Back in the SUV, Manila-bound, the girls planned their next adventure.  I drifted off to sleep, visions of road trips dancing through my head.

Some practical tips for your road trip
  • Always have the vehicle checked prior to departure.  Better safe than sorry.
  • Make sure you have the necessary tools, spare tire, car accessories, flashlight needed for an emergency.
  • Research your destination, including main and alternate routes.  Know if there are any scenic back roads that are worth the detour.
  • Pack a reliable road map.
  • Make sure you are good on gas.
  • If renting a car (or taking the bus), do so from a reliable company of good repute.
  • Pack a first-aid kit with basic medication, bandages, antiseptics, etc.

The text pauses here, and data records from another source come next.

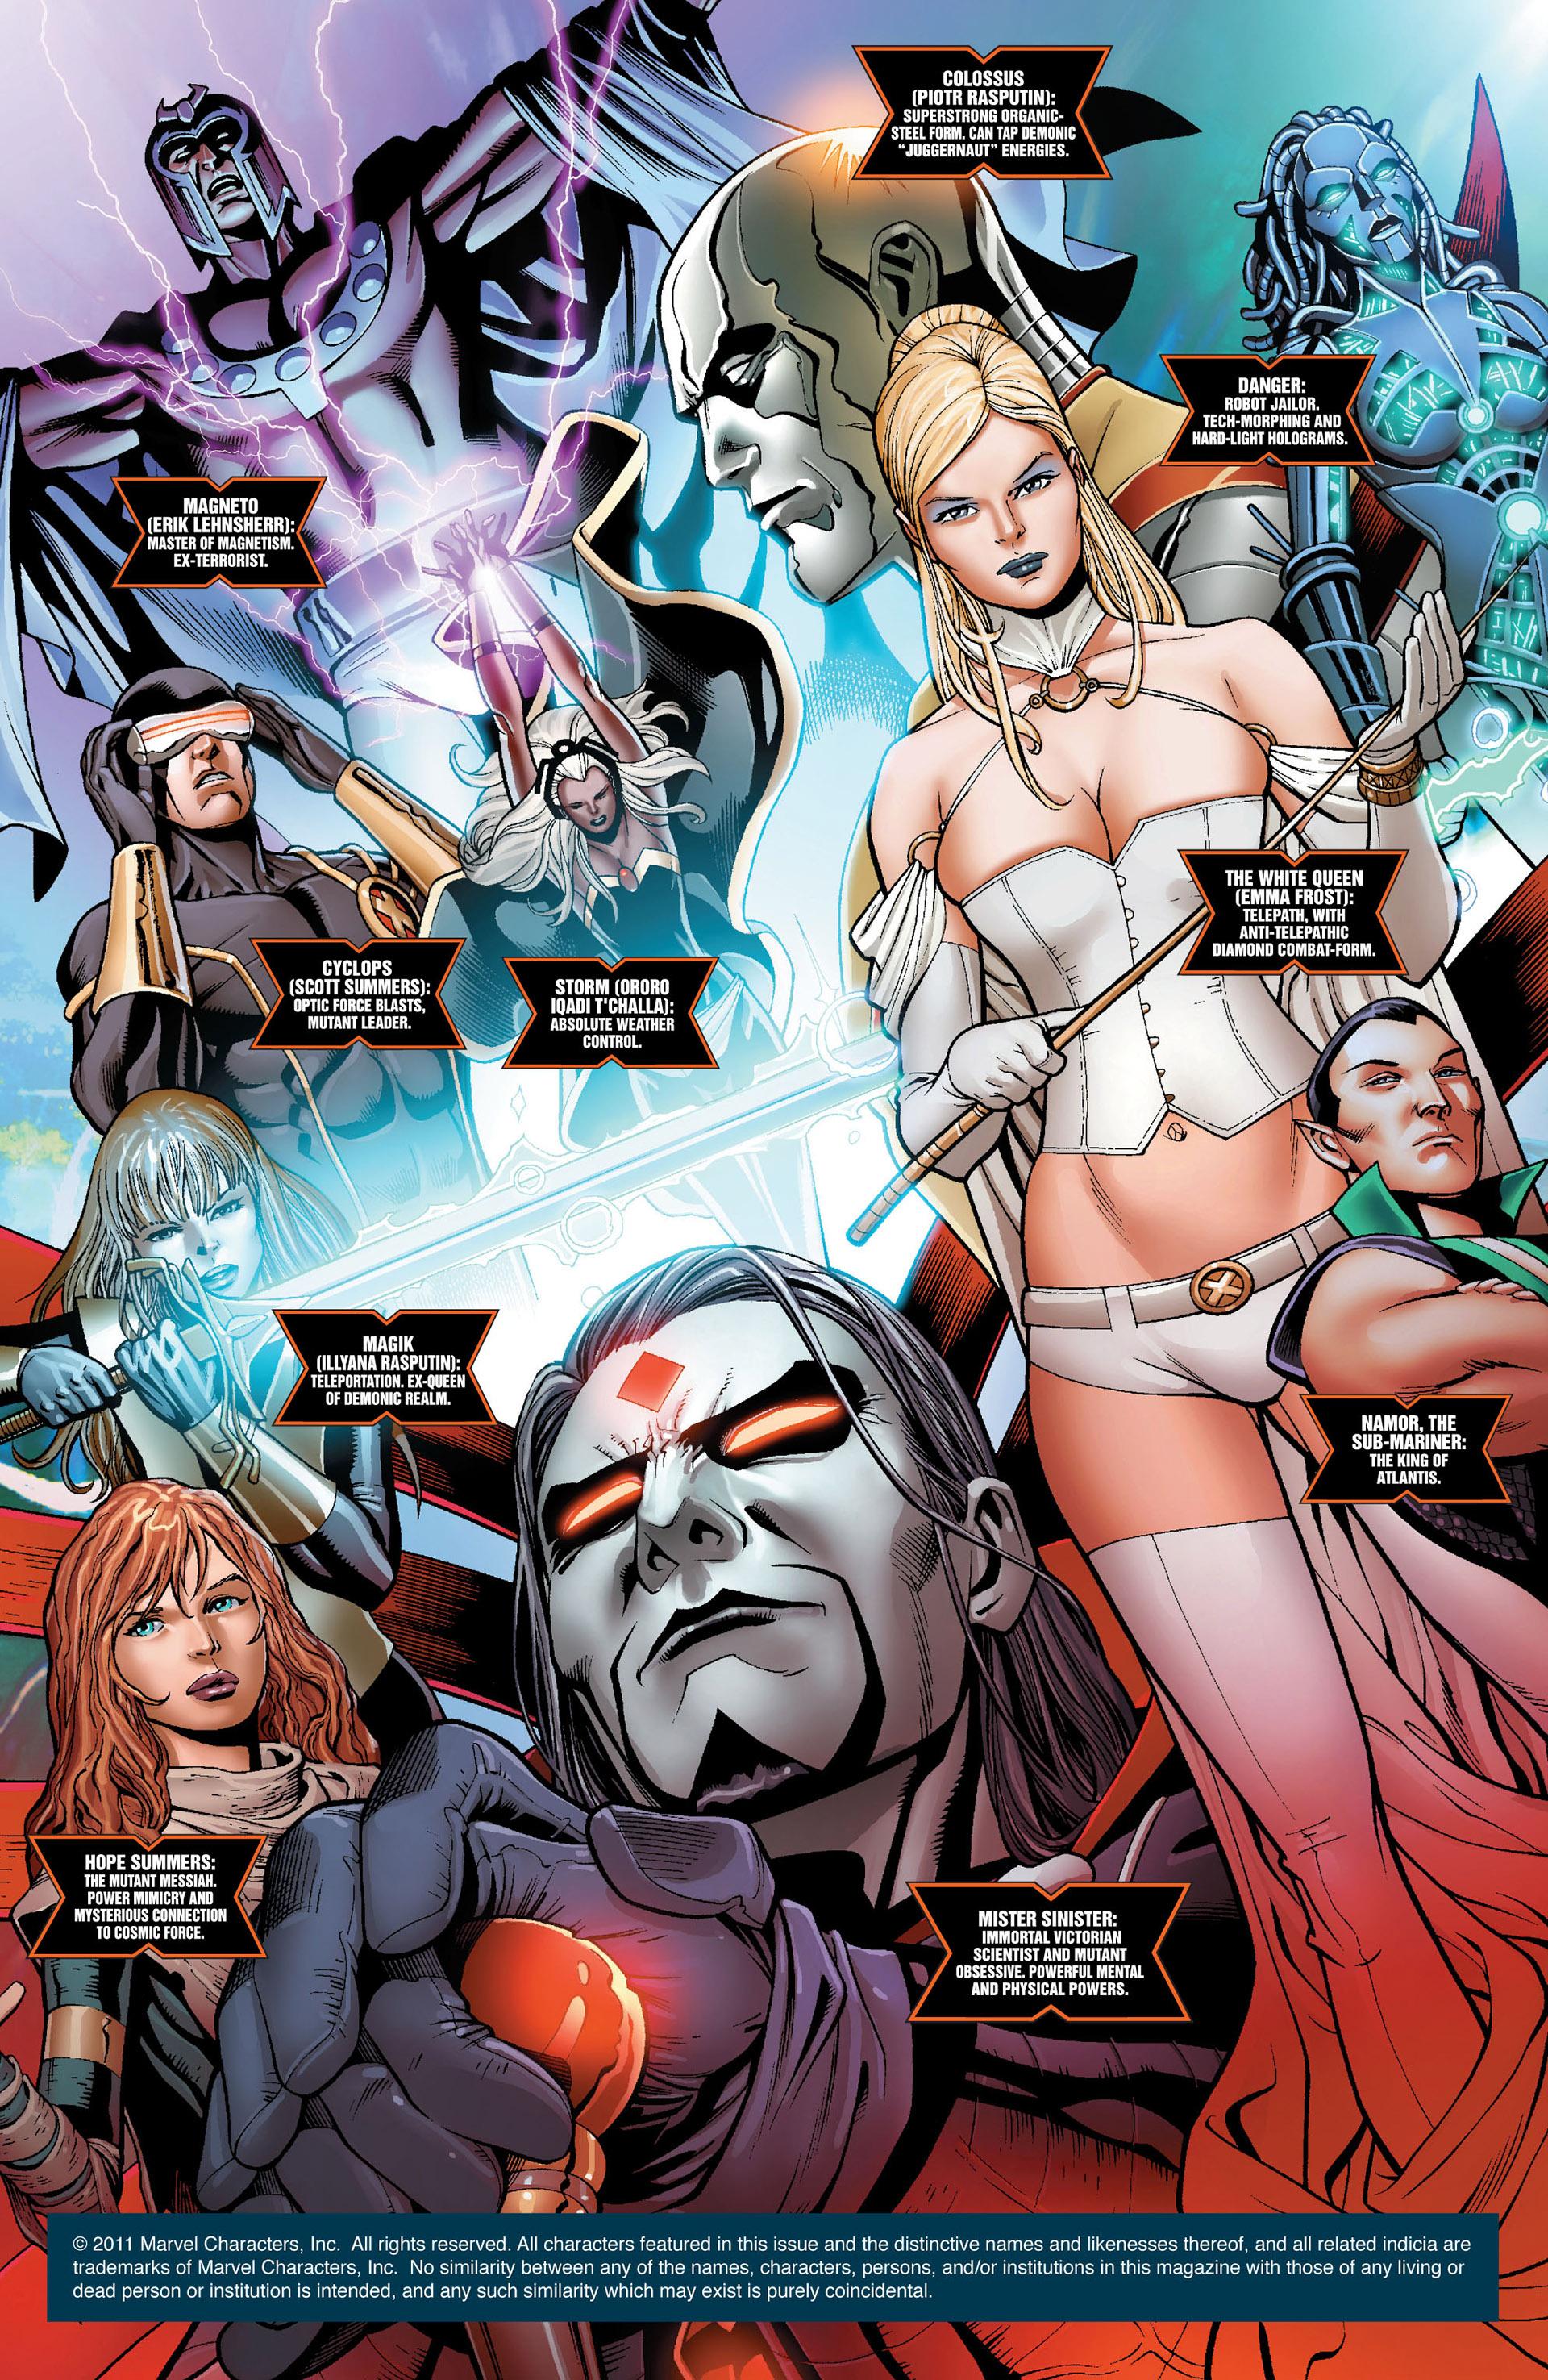 Read online Uncanny X-Men (2012) comic -  Issue #1 - 2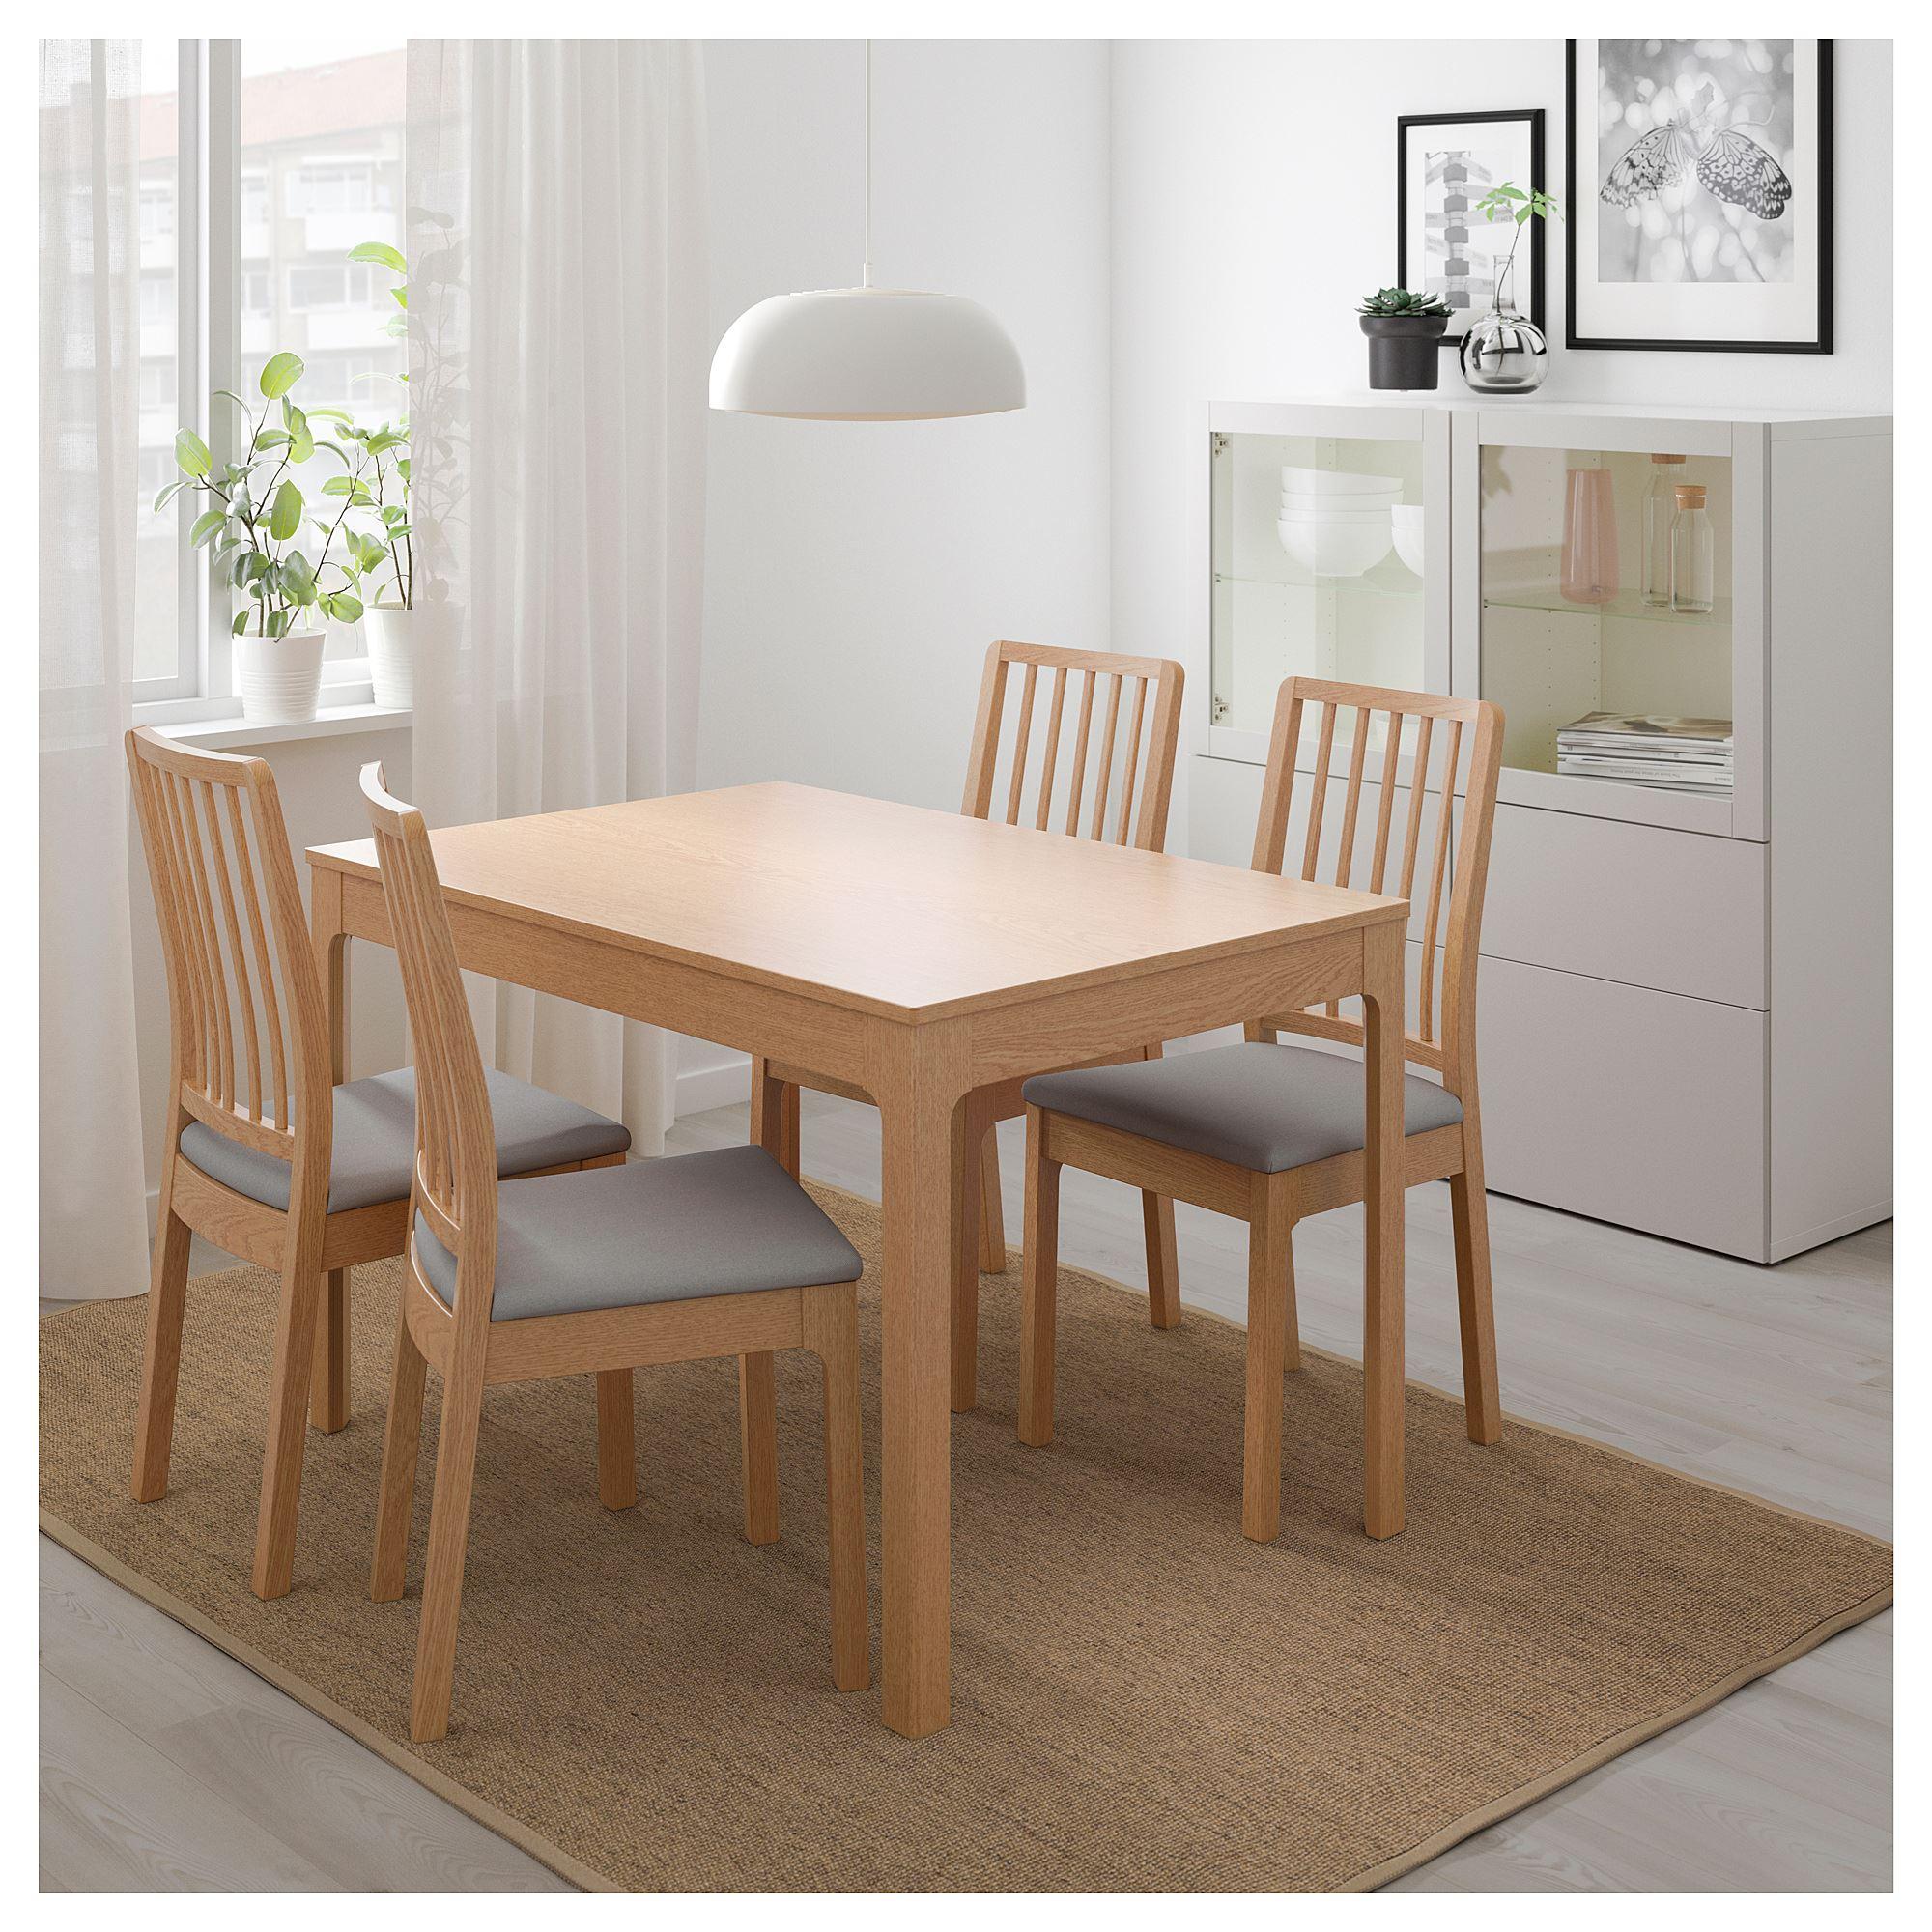 Ikea Acilabilir Mutfak Masa Sandalye Takimi Odasi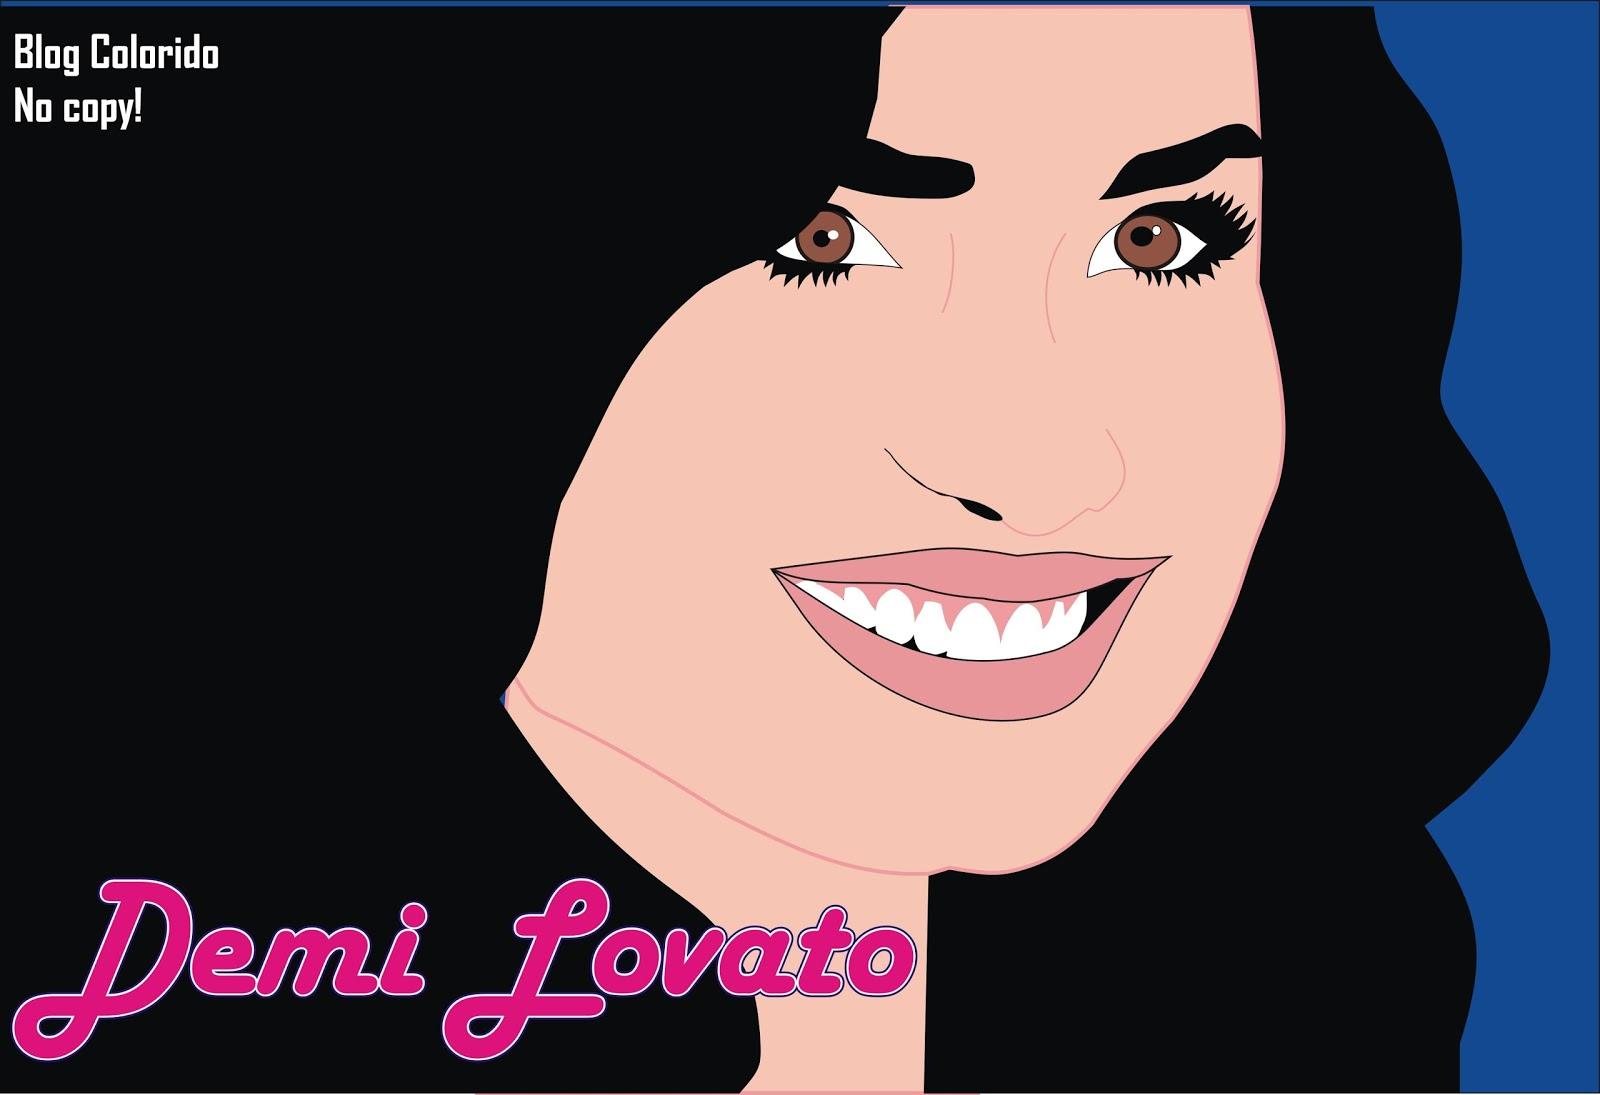 http://3.bp.blogspot.com/_yxxEf78ZTTQ/TMtGqKAJZvI/AAAAAAAAABw/X0ii2kEqsvc/s1600/Demi.jpg

  • Pack eating utensils, snacks, sufficient water, paper towels.
  • When travelling with kids, make sure to bring their favorite portable toys; take along engaging games, puzzles, activity books to keep them entertained.  Never leave kids unattended in the car.
  • Prepare your favorite playlist of songs.
  • Buckle up!
  • Never drive sleepy.  Stop at a local inn or hotel if you must.
  • Take turns at the wheel, on long drives.
  • Have an agenda and itinerary, but do not push the time.  Make your schedule lose and free-flowing enough to account for possible delays due to traffic, unexpected road conditions, etc.  Factor in stops for sight-seeing, bathroom breaks, food breaks.
  • Set expectations beforehand with those traveling with you:  things to see and do, activities, etc.  so that everyone is as satisfied as possible.